La soddisfazione del traguardo: pensieri di una diplomanda

Le prese di consapevolezza sono momenti di strana magia; non è che arrivino necessariamente in momenti inaspettati, eppure ti sorprendono comunque. Io ho capito che il mio tempo in Accademia di Teatro era finito seduta sulla tazza del cesso nel penultimo bagno della suddetta Accademia. Non ero lì seduta a meditare sulla vita aspettando che il mio corpo finisse di svolgere i suoi bisogni; piuttosto mi sono precipitata in bagno come porto di arrivo per non farmi vedere da nessuno scoppiare in lacrime.

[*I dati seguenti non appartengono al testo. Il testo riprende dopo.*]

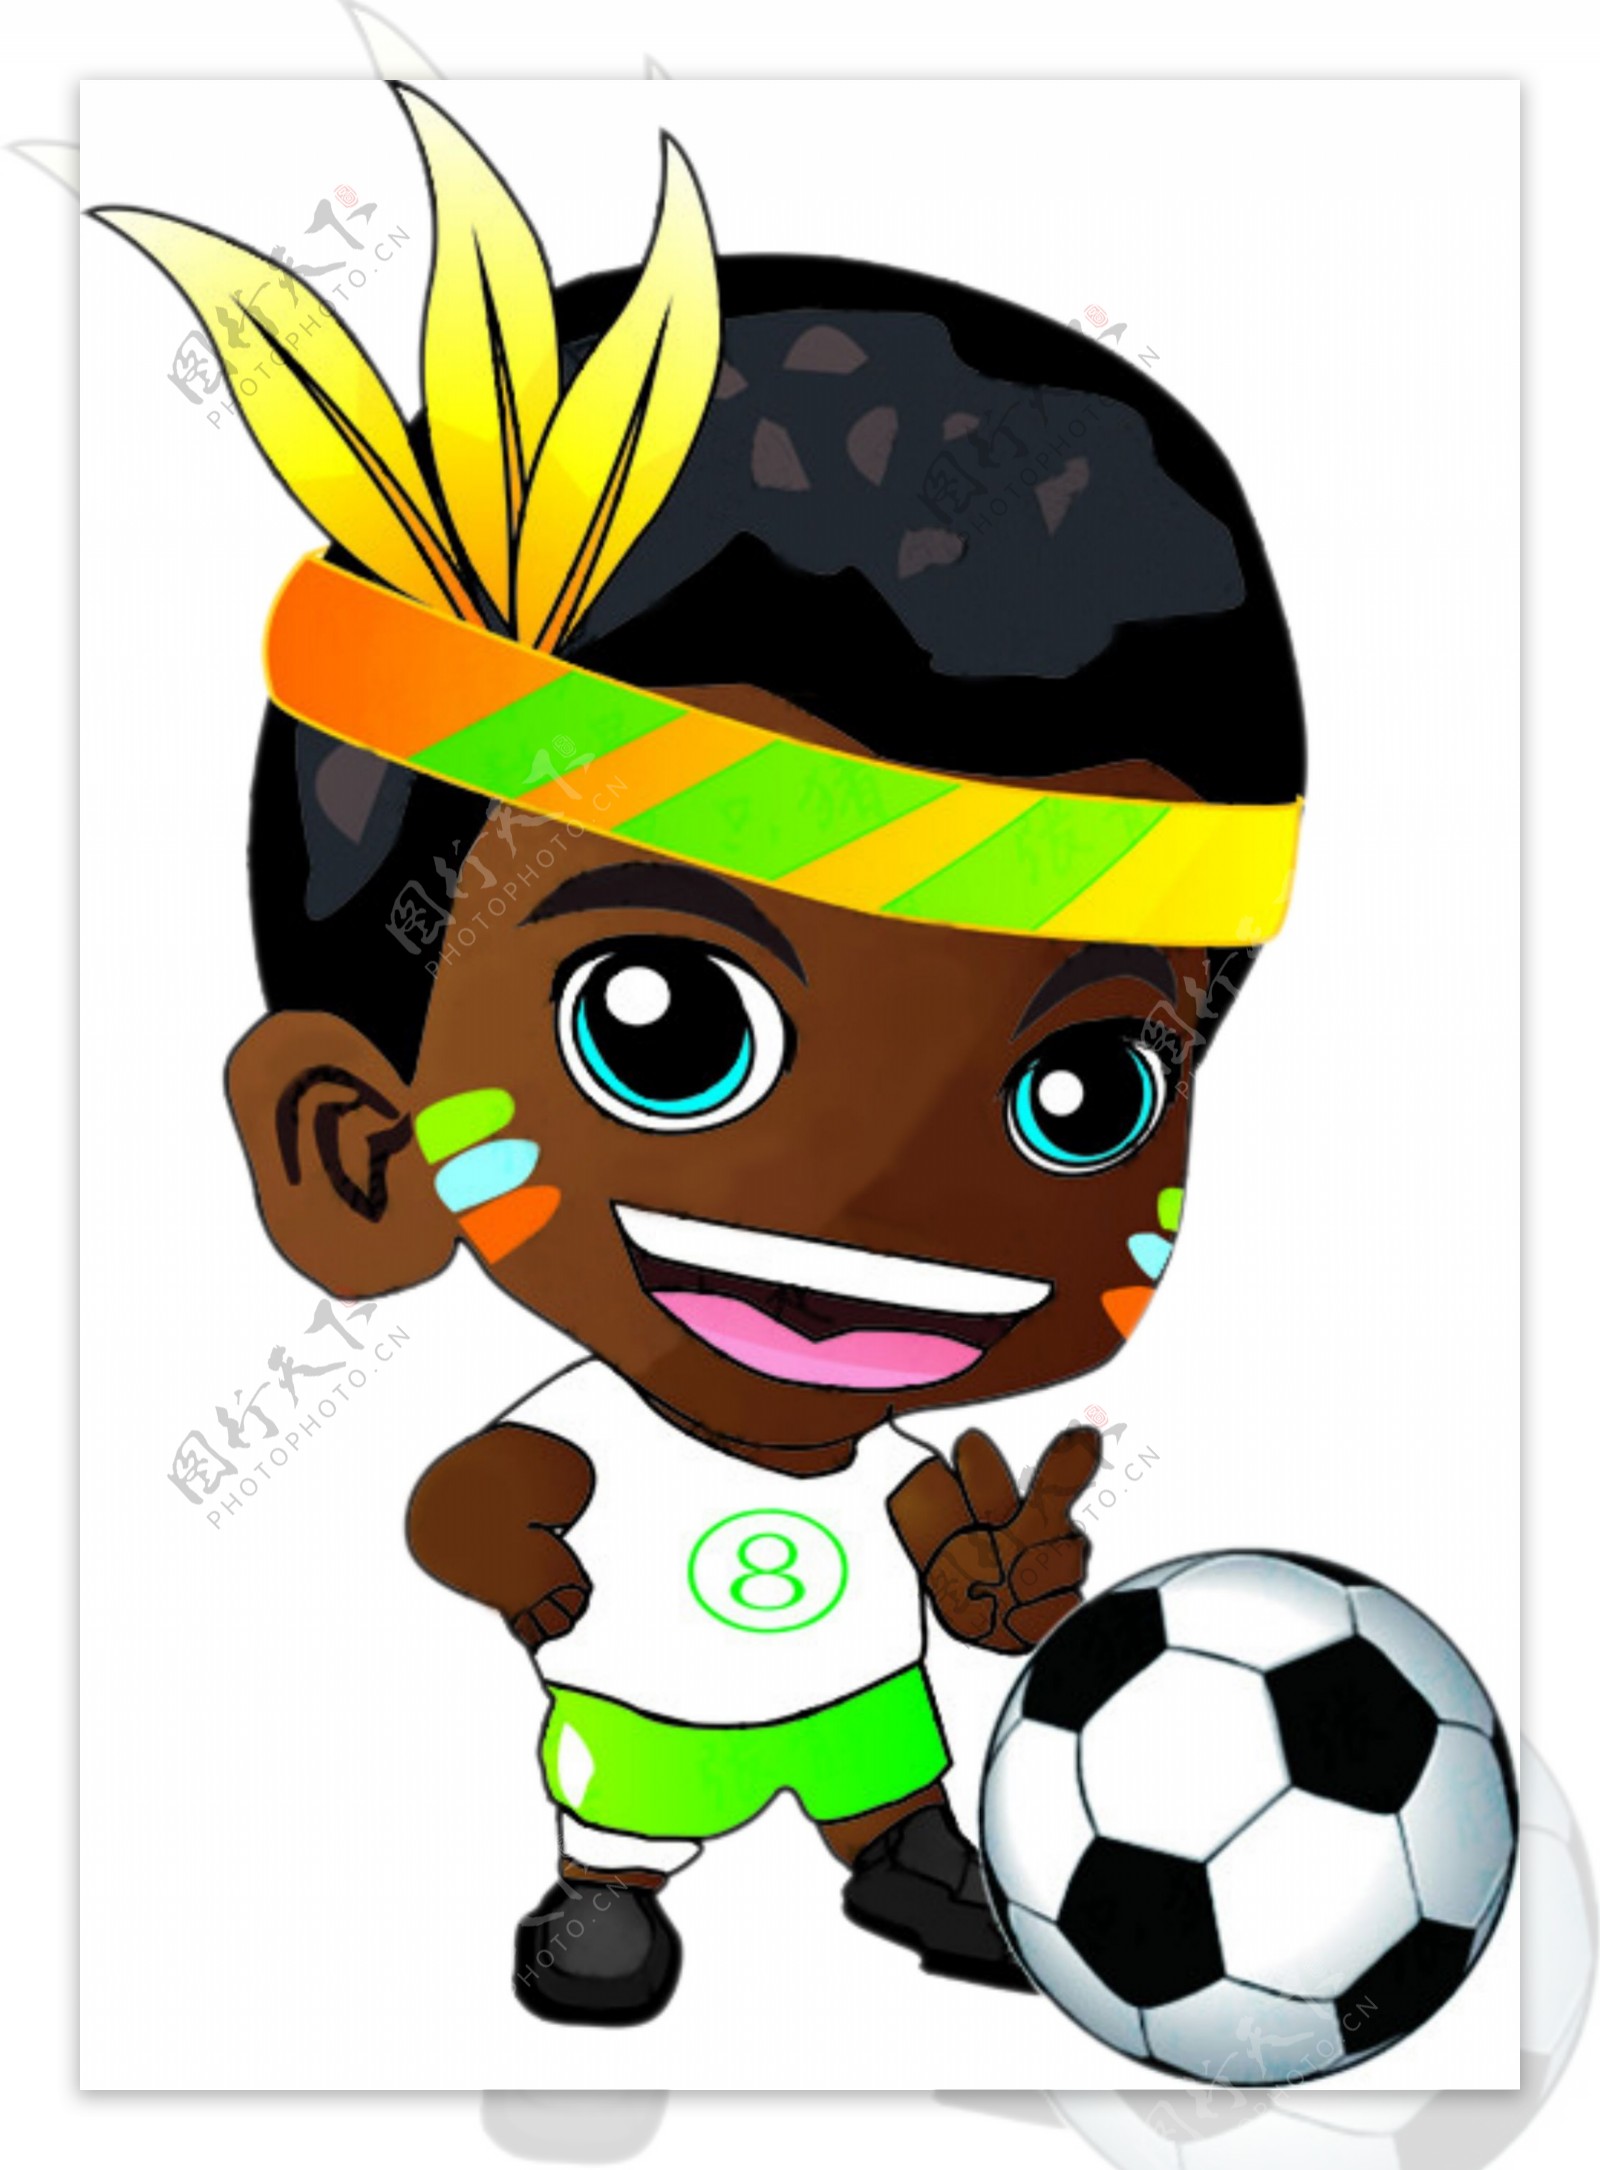 南非足球小子图片

Era da tempo che mi sentivo assolutamente miserabile, stanca e come fuori posto. A quel punto è successo qualcosa di simile a un miracolo: la mia insegnante di danza, che non mi aveva quasi mai rivolto la parola per due anni a causa della mia congenita incompetenza nella sua materia, mi ha chiamata da parte per congratularsi dei miei progressi.

Mi duole ammettere che nonostante quello sia stato sicuramente un momento più unico che raro nella mia carriera di “danzatrice”, io non ricordo nulla. Mentre l’insegnante mi parlava di come avevo finalmente cominciato a fare sostanziali miglioramenti, sentivo la sua voce rarefarsi nell’aria, e nella bocca del mio stomaco montare il pianto.

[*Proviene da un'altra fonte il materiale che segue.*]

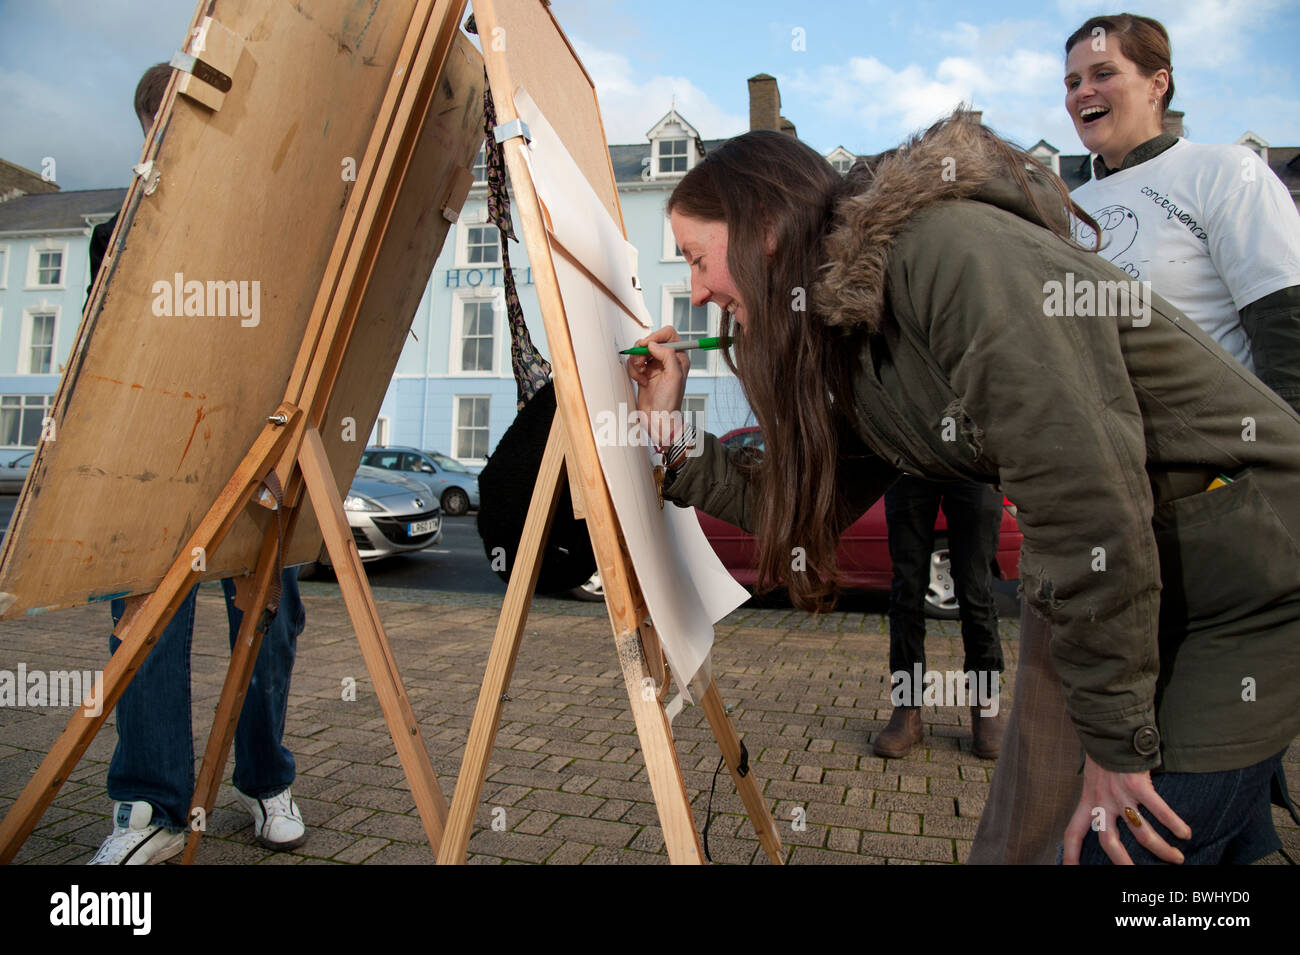 Aberystwyth estudiantes universitarios evento proyecto de arte al aire libre en el paseo marítimo, Gales, Reino Unido Foto de stock

E quindi eccomi lì, seduta sul cesso a piangere perché sentivo di potermi permettere di farlo senza giudicarmi una che si piange addosso, perché mi sembrava impossibile quello che era appena successo, perché non sapevo se quello che era appena successo avesse di fatto alcuna importanza per me.

Due anni fa ho imparato e preparato un monologo di Shakespeare in due giorni e ho mentito spudoratamente pur di entrare nell’Accademia di recitazione dove sto per cominciare il mio terzo e ultimo anno.

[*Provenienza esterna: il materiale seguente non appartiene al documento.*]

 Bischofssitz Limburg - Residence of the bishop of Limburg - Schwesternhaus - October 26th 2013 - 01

Quando finisci, o stai per finire, ti rendi conto che in realtà hai appena cominciato. È facile per me adesso guardarmi indietro col senno di poi e pensare a tutte le cose che avrei potuto fare e non ho fatto, a tutte le cose che apprendere non ho imparato e che mi sembrano improvvisamente fondamentali per la mia riuscita nella carriera di attrice.

Ma poi penso anche a tutte le cose che ho guadagnato, tutte le paure che ho superato, tutte le cose che non avrei mai pensato di poter fare e poi ho fatto. Ho passato moltissimo tempo con delle persone apparentemente molto diverse da me, osservando dei loro comportamenti nei quali potevo ritrovarmi, vedere i miei limiti e pregi e sentirmi più vicina a loro, che mi avevano fatto scoprire delle cose di me che altrimenti forse non avrei scoperto mai.

Ero così inconsapevole di ciò che mi aspettava che se l’avessi saputo probabilmente al provino non ci sarei neanche andata. La condizione vitale del non sapere cosa accadrà ma decidere di affrontarlo comunque a braccia e cuore aperto è il più grande insegnamento che l’Accademia potesse darmi, quasi un regalo. Le soddisfazioni, e le delusioni, a quel punto sono solo naturali e inevitabili conseguenze dello stare al mondo.

La mia più grande soddisfazione poi, è stata quella di smettere di cercare di seguire un percorso già tracciato e calpestato perché reputato il migliore, ma usare gli strumenti che mi sono stati dati per costruire la mia strada.
Tutto quello che ci rende diversi è anche ciò che ci rende unici, in scena e non. Questo non finirò mai d’impararlo. Conoscere se stessi è un percorso lento e faticoso, non privo di grandi conflitti e scoramenti, ma anche di orgoglio e gioia. Dire che l’Accademia mi abbia preparato a un mestiere sarebbe una visione superficiale: ha cambiato il mio modo di vedere e interagire con il mondo.